The team has spent three years working on the technology and is planning to bring it to market ‘in the very near future,’ with interest from L’Oreal already.

Professor Wass added: ‘We're definitely getting to the stage where in the next five or 10 years we're going to see things like mobile phone screens that can heal themselves if they crack.’

The compound could also be used to make  hardy nail polish (stock image right) where chips are automatically repaired

The compound could also be used to make hardy nail polish (stock image right) where chips are automatically repaired

The research was presented for the first time at the Royal Society’s ‘Catalysis Improving Society’ conference.

Self-healing technology first emerged in 2001, when researchers at the University of Illinois in the US created a plastic that could repair itself and there are ongoing studies into healing concrete.
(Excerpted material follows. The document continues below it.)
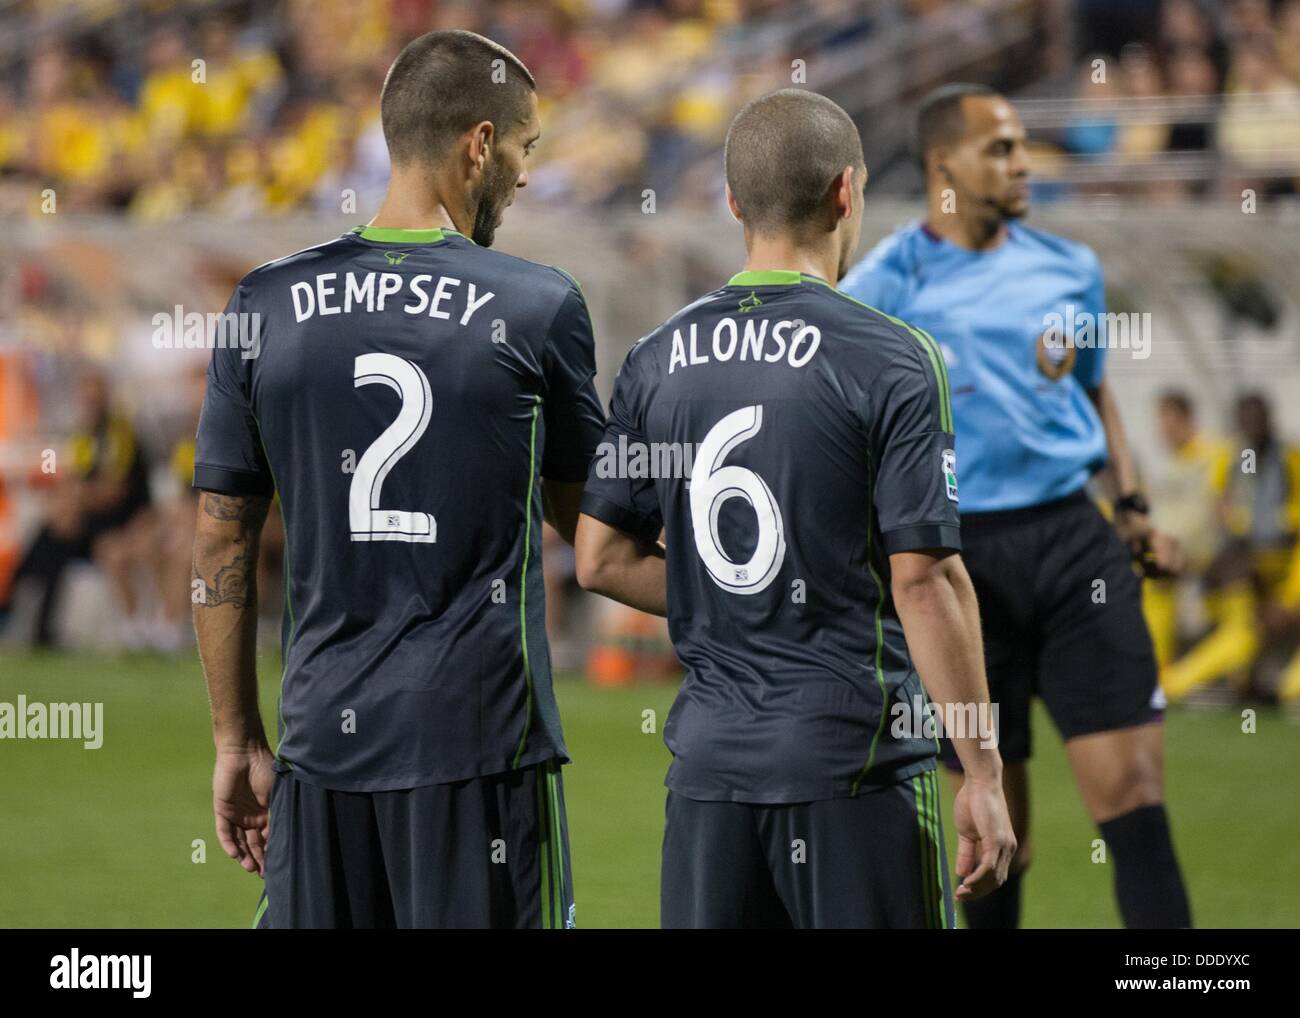 Aug. 31, 2013 - Columbus, Ohio, United States of America - August 31, 2013: Seattle Sounders FC forward Clint Dempsey (2) and teammate Seattle Sounders FC midfielder Osvaldo Alonso (6) during the Major League Soccer match between the Seattle Sounders FC and the Columbus Crew at Columbus Crew Stadium in Columbus, OH. The Seattle Sounders FC defeated the Columbus Crew 1-0. Stock Photo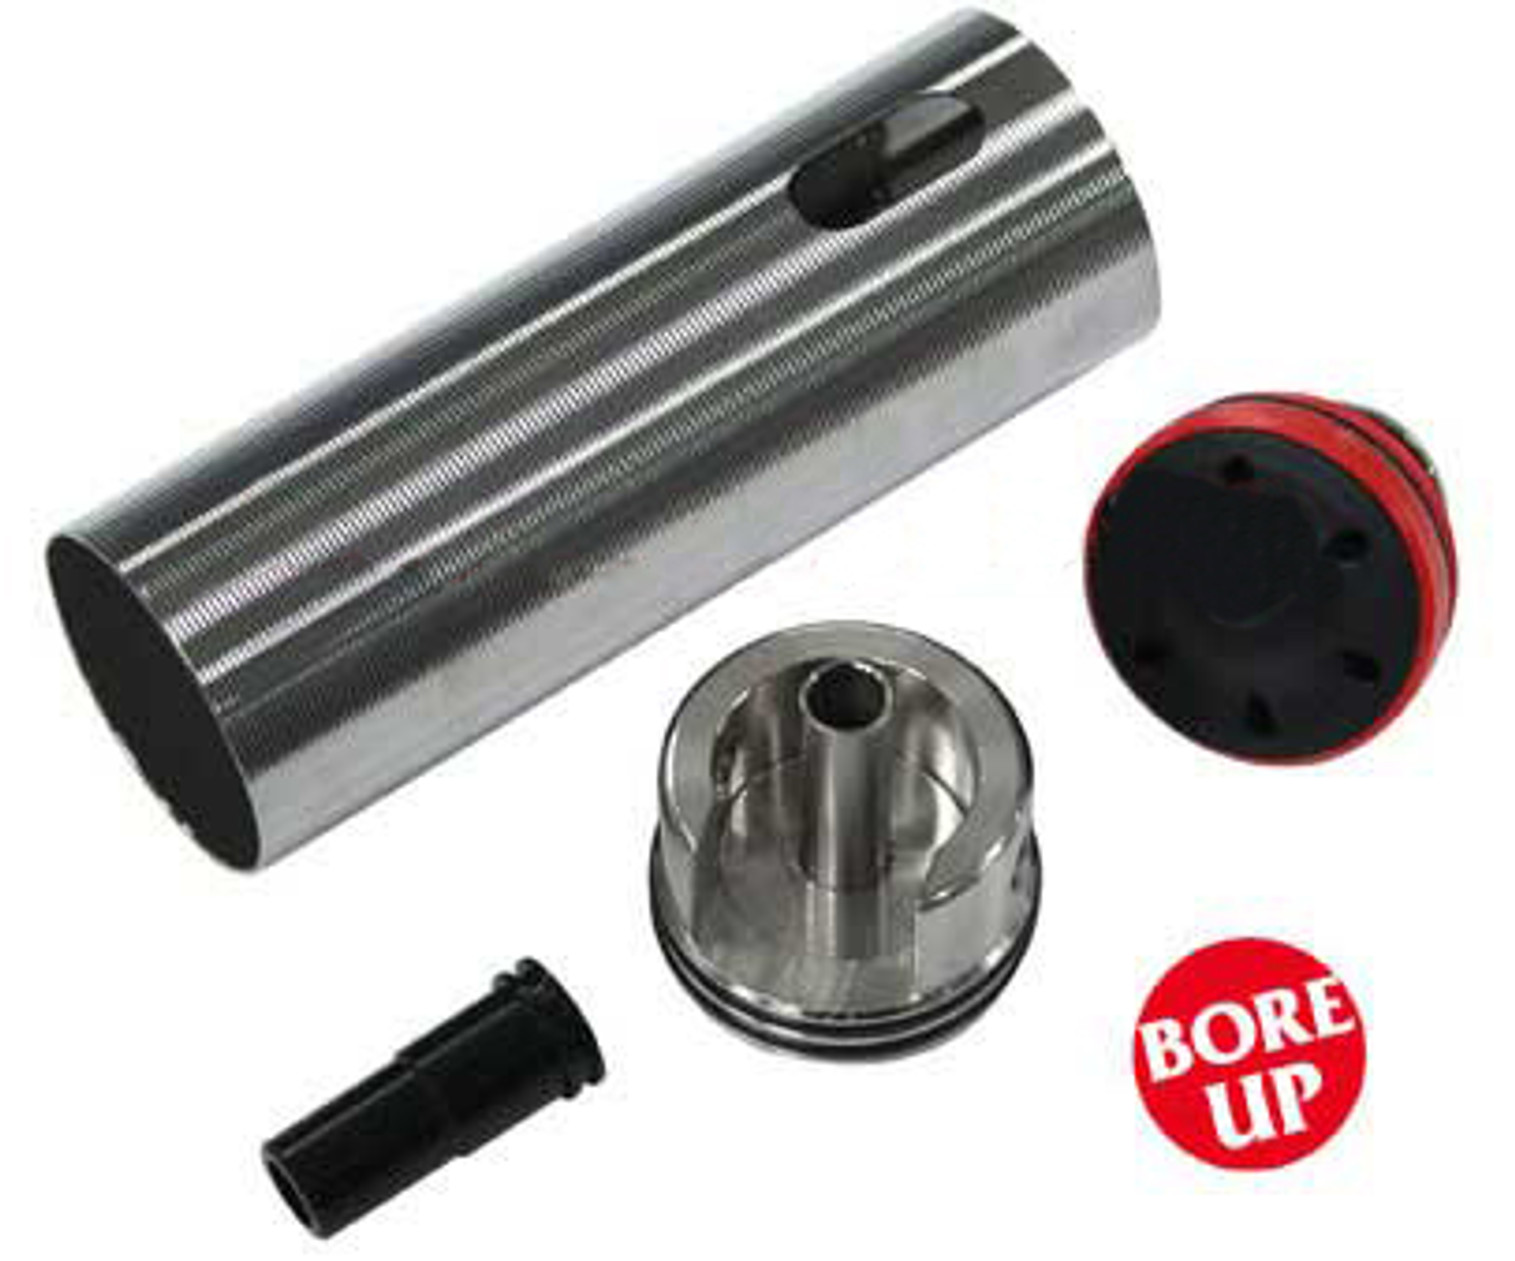 Guarder Bore-Up Cylinder Set for XM177 / M4 Stubby Series Airsoft AEG

The University of Illinois team created a polymer in 2014 that they showed can fix holes of up to three centimetres.

As well as helping to save lives, self-healing technology could also make safety checks by airlines become much cheaper to carry out. 

Elsewhere, using a type of bacteria typically found near active volcanoes, researchers from Delft University mixed the bio material into the concrete along with calcium lactate. 

When cracks in the concrete appear, and water enters them, the water 'awakens' the bacteria. 

Once active, the bacteria 'eat' the calcium lactate and secrete limestone which closes the cracks. A stock image of a pot hole is shown.